By the Blouin News Business staff

Gulf money could make things worse for Egypt

by in Middle East.

Egypt's interim President Adli Mansour (R) meets with UAE's National Security Adviser Sheikh Hazza bin Zayed Al Nahyan at El-Thadiya presidential palace in Cairo July 9. Photo: Reuters

Egypt’s interim President Adli Mansour (R) meets with UAE’s National Security Adviser Sheikh Hazza bin Zayed Al Nahyan at El-Thadiya presidential palace in Cairo July 9. Photo: Reuters

On Tuesday, Egypt’s political upheaval was correlated to the economy, as it hadn’t yet been since the ouster of Mohamed Morsi. (Even if the country’s delicate public finance situation is responsible for a large part of its ongoing problems.) Saudi Arabia and the United Arab Emirates pledged they would extend up to $5 billion and $3 billion, respectively, in aid to Egypt. Saudi Arabia promised $3 billion in cash and loans and an additional $2 billion worth of fuel, while the UAE offered a grant of $1 billion and a loan of $2 billion in the form of a no-interest deposit with the Central Bank of Egypt, according to WAM, Emirates News Agency.

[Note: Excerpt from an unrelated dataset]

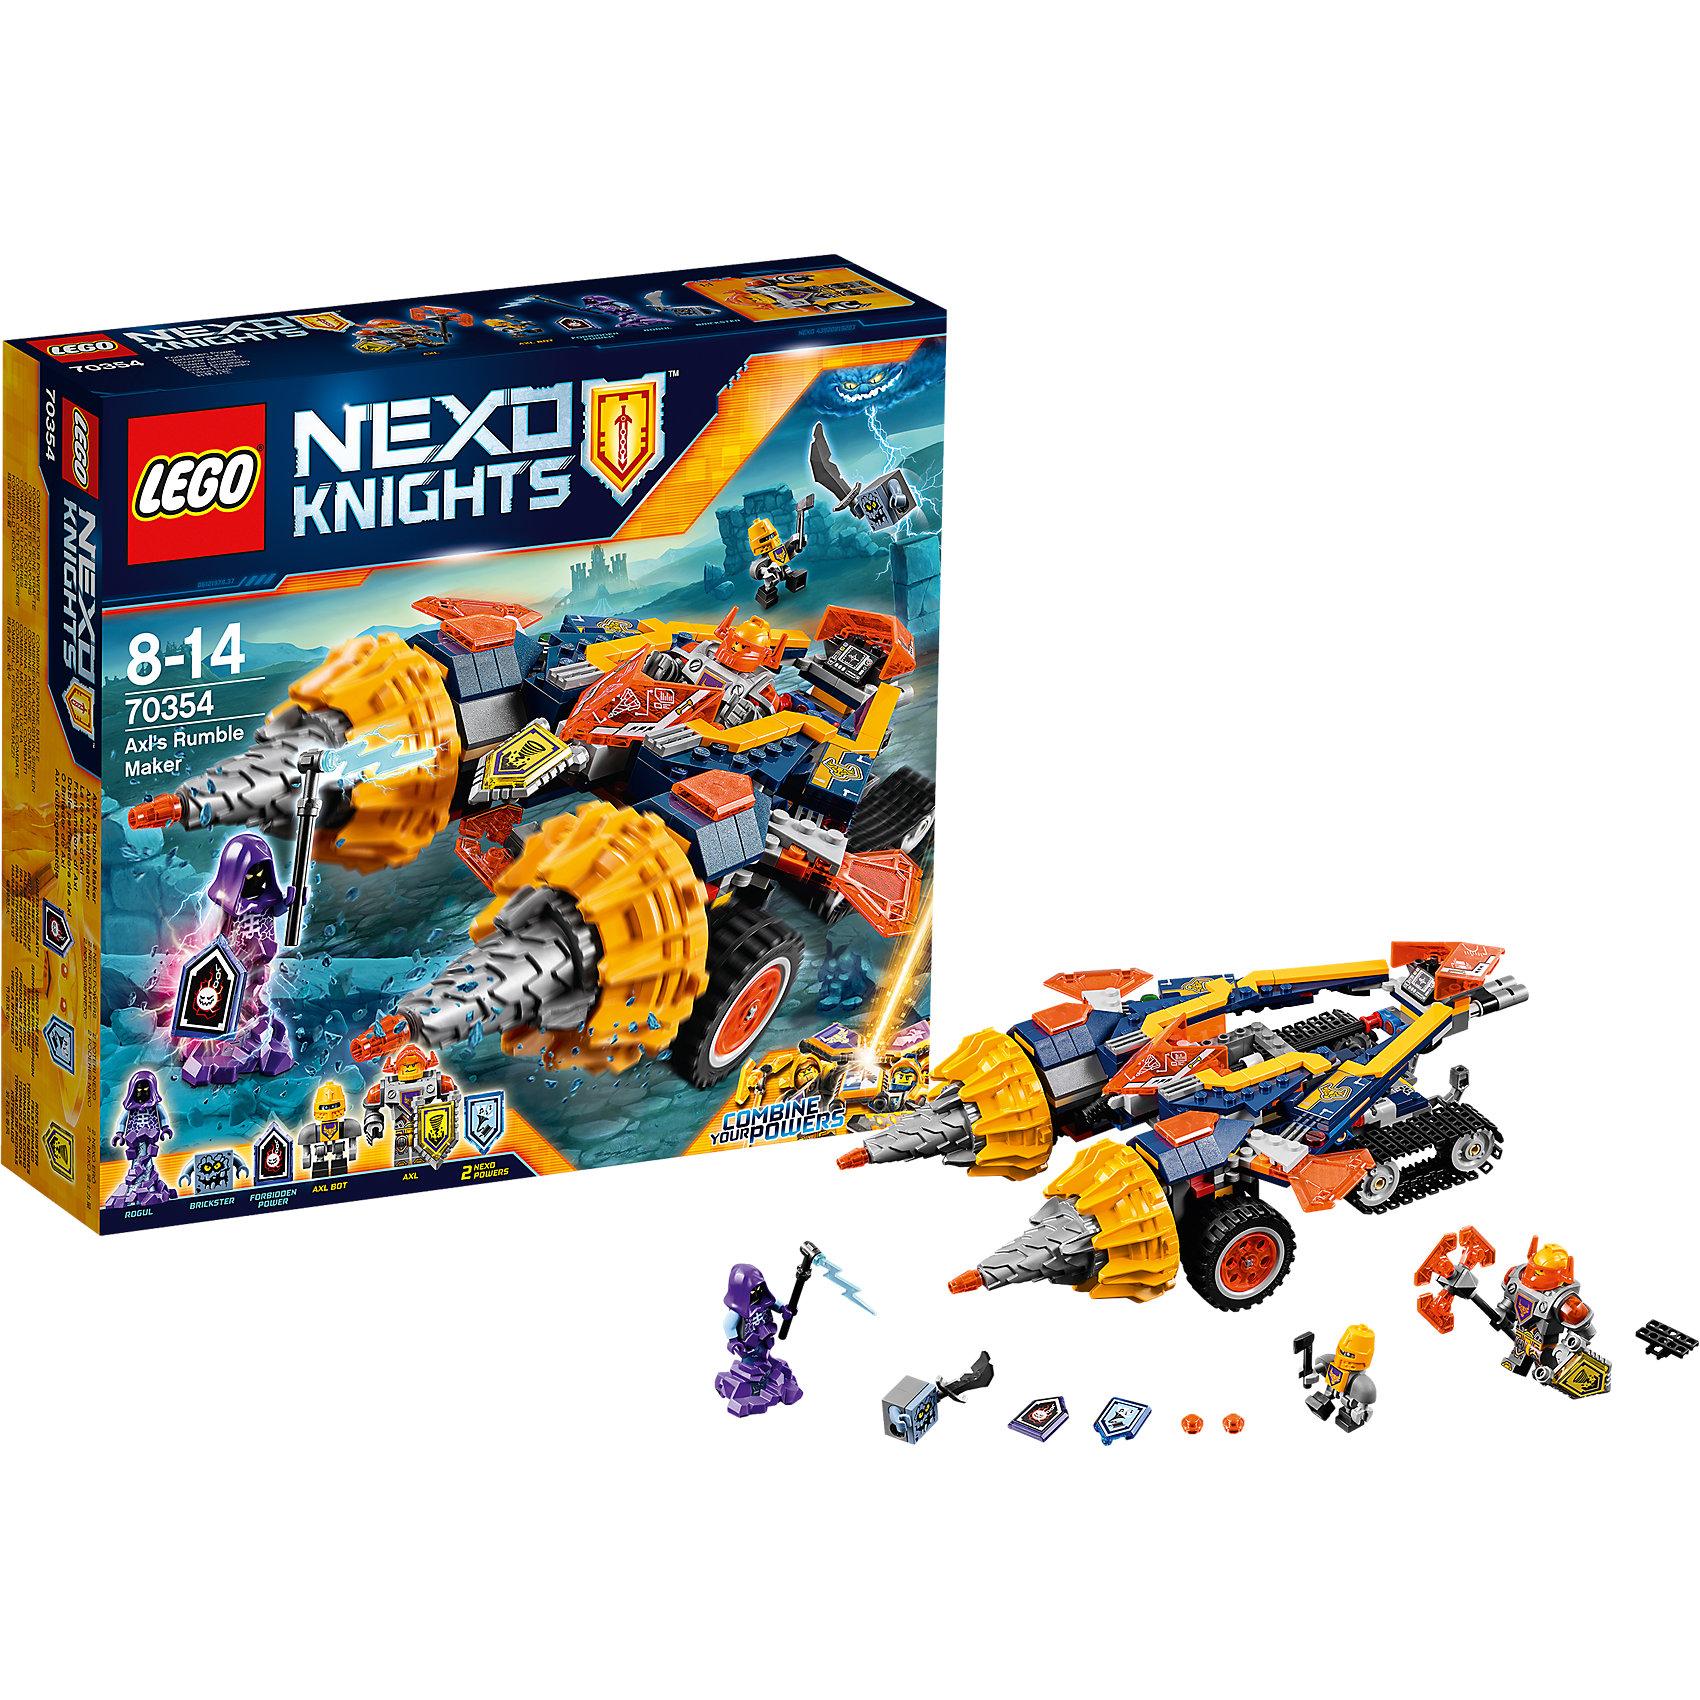 Конструктор Lego Nexo Knights 70354: Бур-машина АкселяПластмассовые конструкторы<br>Характеристики товара:<br><br>• возраст: от 8 лет;<br>• материал: пластик;<br>• в комплекте: 318 деталей;<br>• количество минифигурок: 3;<br>• размер упаковки: 28,2х26,2х7,6 см;<br>• вес упаковки: 600 гр.;<br>• страна производитель: Чехия.<br><br>Конструктор Lego Nexo Knights «Бур-машина Акселя» входит в серию Лего Нексо Найтс, которая повествует о королевстве Найтония и отважных рыцарях Нексо. Аксель — один из рыцарей. У него своя машина на гусеничном ходу с буровым механизмом. Машина умеет трансформироваться в танк, который управляется ботом Акселя.<br><br>Из элементов конструктора предстоит собрать фигурки Акселя, его бота, машину. С ними дети могут придумывать свои захватывающие сюжеты для игры. В набор также включены 2 нексо-силы, которые можно отсканировать через приложение и играть в игру. Сборка конструктора развивает у ребенка логическое мышление, моторику рук, усидчивость.<br><br>Конструктор Lego Nexo Knights «Бур-машина Акселя» можно приобрести в нашем интернет-магазине.<br><br>Ширина мм: 296<br>Глубина мм: 251<br>Высота мм: 284<br>Вес г: 598<br>Возраст от месяцев: 96<br>Возраст до месяцев: 2147483647<br>Пол: Мужской<br>Возраст: Детский<br>SKU: 5619992
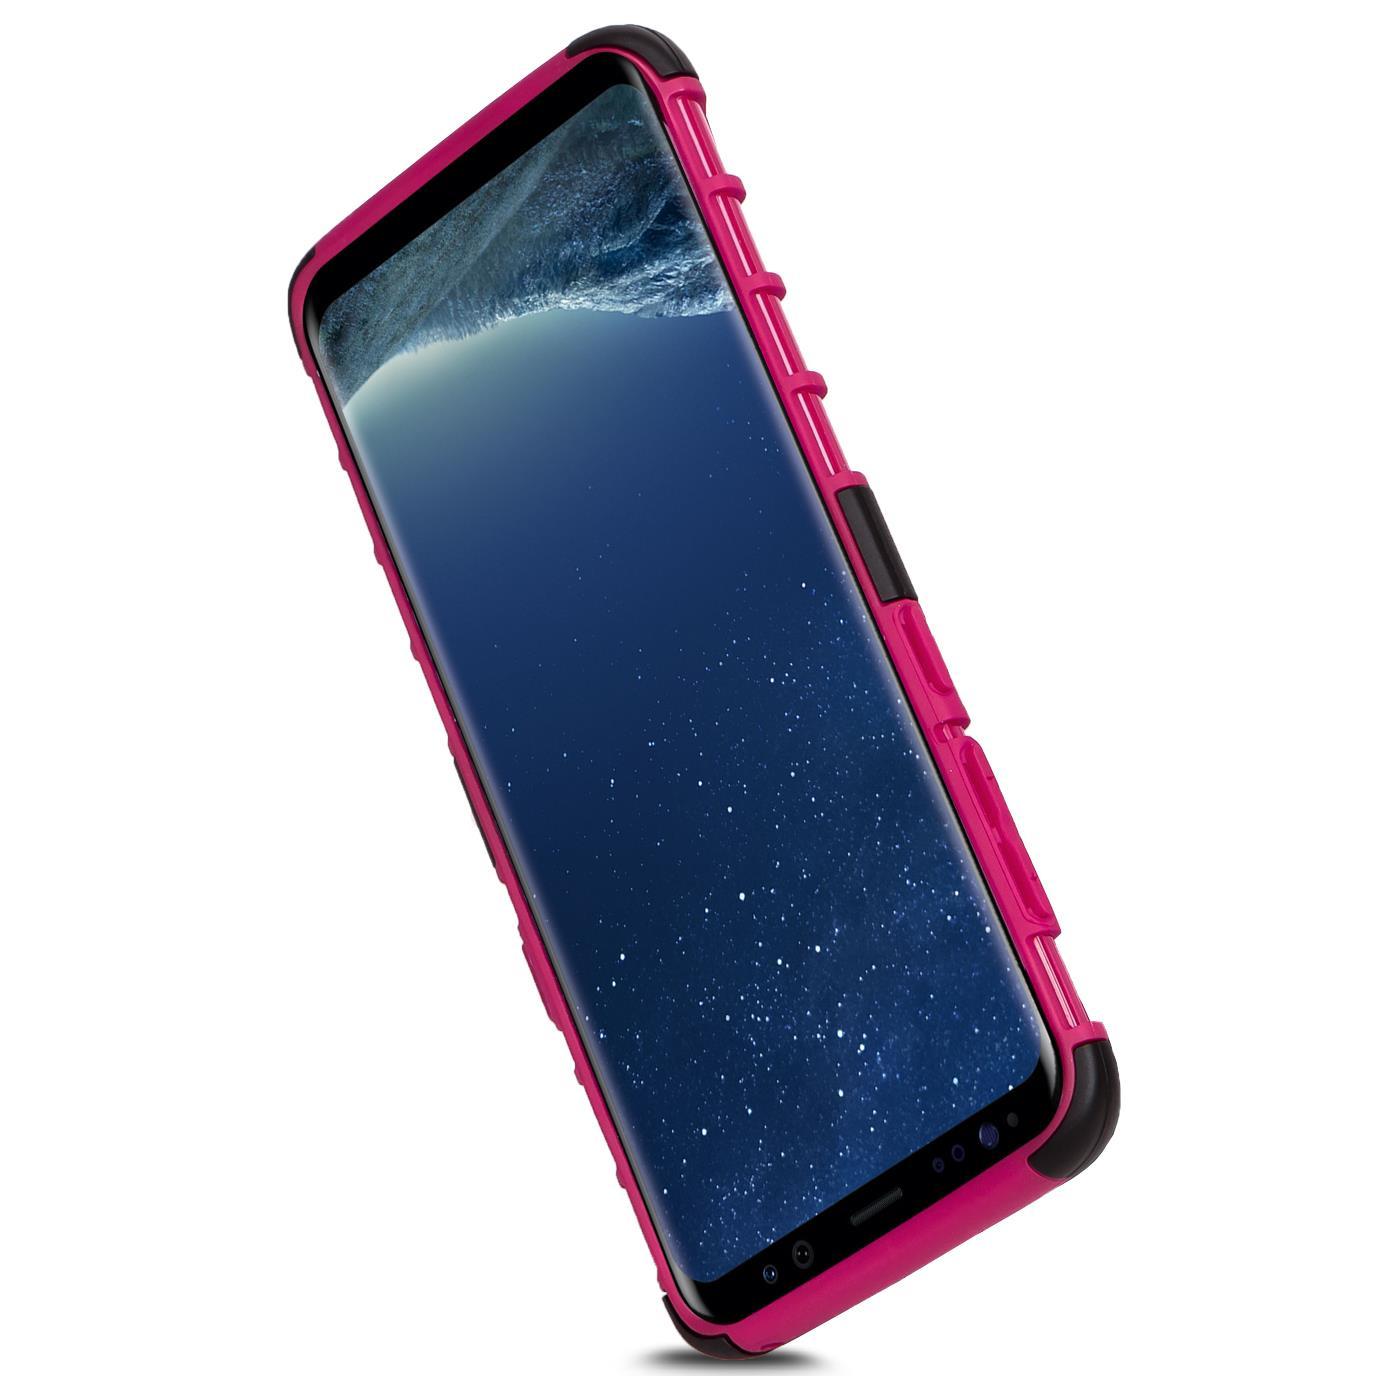 Samsung-Huelle-Hybrid-Panzer-Schutzhuelle-Handy-Schutz-Case-Ruestung-Cover-Tasche Indexbild 15

Much needed money with, apparently, no compromises involved. The two Gulf States, known for their aversion towards the Muslim Brotherhood, hurried to welcome the ouster of Mohamed Morsi. A week later, they’re showing their support to the military through a juicy bailout. And the geopolitical ramifications of Egypt’s economic woes don’t end there. Qatar also plays a leading role in the picture, but appears to have erred in their calculations. They backed the Brotherhood’s emergence as a political force and insufflated it with money and promises, the latest one a $3 billion pledge in aid (Read more: Qatari money: the Brotherhood’s greatest asset –and liability.) A bad bet, it looks like. Qatar, for now, is trying to prove its compliance with the military-installed interim president, congratulating Egypt’s new president at the same time as Saudi Arabia and UAE did.

With the country in a situation still deeply precarious, the infusion of funds won’t be enough: it’s an unsustainable remedy for long-lasting structural problems. Egypt holds the honor of hosting the Middle East’s biggest budget deficit. In the first five months of 2013 alone, the deficit nearly doubled from the previous year to 113.4 billion Egyptian pounds ($16.2 billion), according to Finance Ministry figures. Foreign-exchange reserves have plunged from $36 billion in December 2010 to $14.9 billion in June (only about half of the reserves are in the form of cash or in securities that can easily be spent, according to Reuters.) The value of the Egyptian pound is at a record low, under 7 per dollar. Even its subsidized bread program is in danger, as the world’s largest wheat-importing nation is losing its ability to feed its 84 million people.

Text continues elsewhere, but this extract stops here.